Moved my XP3 into the tank along with all the rock I had.

Still need to get more rock for sure...

Had some problems running my Quietone 2200 upside down connected to my USJ... it barely makes any noise when running unconnected in the middle of the tank, but as soon as it gets close to the sides of the tank it starts making a bunch of noise. Once its hooked up to the USJ, its way too noisy.

So for now its in place but not running... maybe I'll have to run tubing and plumb it outside of the tank...

Dont really know what to do about a light hood, since my tank is not 13" deep like a standard 55 I cant use a normal 48" light hood.

I'm thinking just getting the all glass flip lids and cutting a 1" strip off the back vinyl to fit it...

The tank also has a 12" glass pane on the top center, so I thought just DIY acrylic panels on each side too...

Any thoughts there?


----------



## dielikemoviestars (Oct 23, 2007)

Your "estherae" look closer to yellow lab/red zebra hybrids... Actually, one looks like a female/juvi saulosi, the other like a hybrid.
The bala shark will rapidly outgrow that tank, as well.
I think a socolofi and yellow lab tank could be neat. Looks nice so far.


----------



## JPM2091 (Feb 7, 2007)

Looks real nice but I would suggest maybe getting some lava rocks or other rocks and building caves up halfway in to the top of the tank all along the back to provide caves for hiding, also the caves usually look pretty nice when the tank is finished with fish! Good luck!

-James


----------



## xenergyx (Feb 4, 2008)

On the red zebras, they could be hybrids for all I know...

I cant say I've seen a true red zebra, but these I have look more like the red zebra pictures on this site than any other fish... :-?

I am going to be getting more rock soon... I've drove by the local landscaping place and have spied about 5 different kinds of flat rocks I could use to stack, just need a truck to get it...

I plan on building lots of caves, its hard to do with the few rocks I have now....

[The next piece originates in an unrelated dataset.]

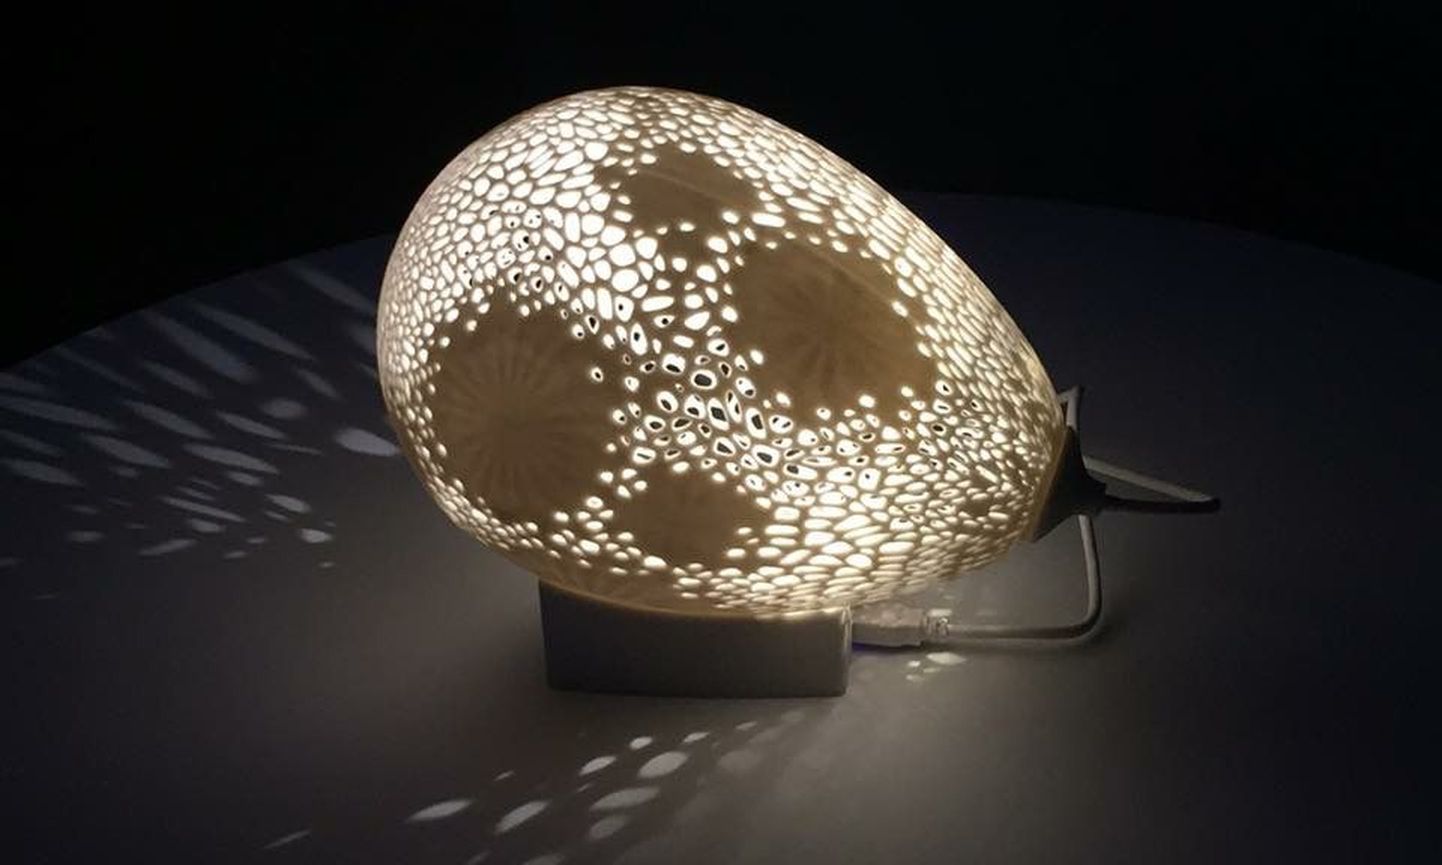 Aasta ettevõtte auhind, kunstnik  Kärt Ojavee 3D-prinditud õhupall, mille pälvis Kodumaja As.

My lab female looks like she is ready to explode...

Fingers crossed I get to see her spawn this time but I gotta work today so who knows...










Still need to clean the hard water drip stains off the sides of the tank....


----------



## noki (Jun 13, 2003)

you have no Red Zebras! :? 
Red Zebras are extremely common. They are not yellow or yellow-orange, they are orange or males may be pinkish

You may have a Red Zebra/ Yellow Lab hybrid
youy have some M. Msobo


----------



## xenergyx (Feb 4, 2008)

xenergyx said:


>


That is the best I can do to show the smaller one of the 2 'reds' and how it is orange... it looks orange to me at least... The picture doesn't really grasp the true color with my point&shoot style camera...

I would call the female lab yellow-orange _maybe_, she would be the one at the top of the picture...

then of course, my other lab, very yellow...

The one 'red' in the above picture has a small blue stripe on the dorsal fin, you cant see it unless he fans out his fins...
The other 'red' not pictured has a faint dark broken stripe on the dorsal...

I bought both 'reds' at the same time, and I remembered one costing a dollar more than the other. it turned out the little guy w/blue on his dorsal cost more, and they did come out of 2 separate tanks...

thats all the info I can provide, I am indeed no expert...

they definitely look similar to female m. msobo or female p. saulosi but only if the females of those species are very orange and sometimes have the blue dorsal stripe...

Who knows what kind of hybrids the LFS gets? :-?


----------



## xenergyx (Feb 4, 2008)

xenergyx said:


> *The setup*
> Rena XP3 w/aquaclear sponge prefilter
> H.O.T. Magnum 250 w/ Tom's Aquatic skimmer attached
> CaribSea tahitian moon & white marine sand mixed 50:50
> ...


So I about have the tank finalized...

I ditched the USJ because not only was my Quietone 2200 pump way to noisy, the jets blew the white marine sand everywhere...

I put in replacement a HOT Magnum 250 w/ skimmer attachment for extra water flow/polishing and to keep the surface clean as I had an 'oil slick' as early as the 2nd day...

Works great to clean the surface of the water after feeding of any uneaten floating crumbs, and the output of that filter alone is enough to keep the surface well agitated...

The the magnum's skimmer and the XP3 intake are in the right back corner, along with the heater. The magnum's output is fixed at the rear of the tank about 1 foot from the right side, with it pointed across the top of the water surface towards the front left corner. The XP3 has the spray bar on the left side of the tank, pointed 45 degrees down into the tank blowing towards the right side of the tank where the inputs are...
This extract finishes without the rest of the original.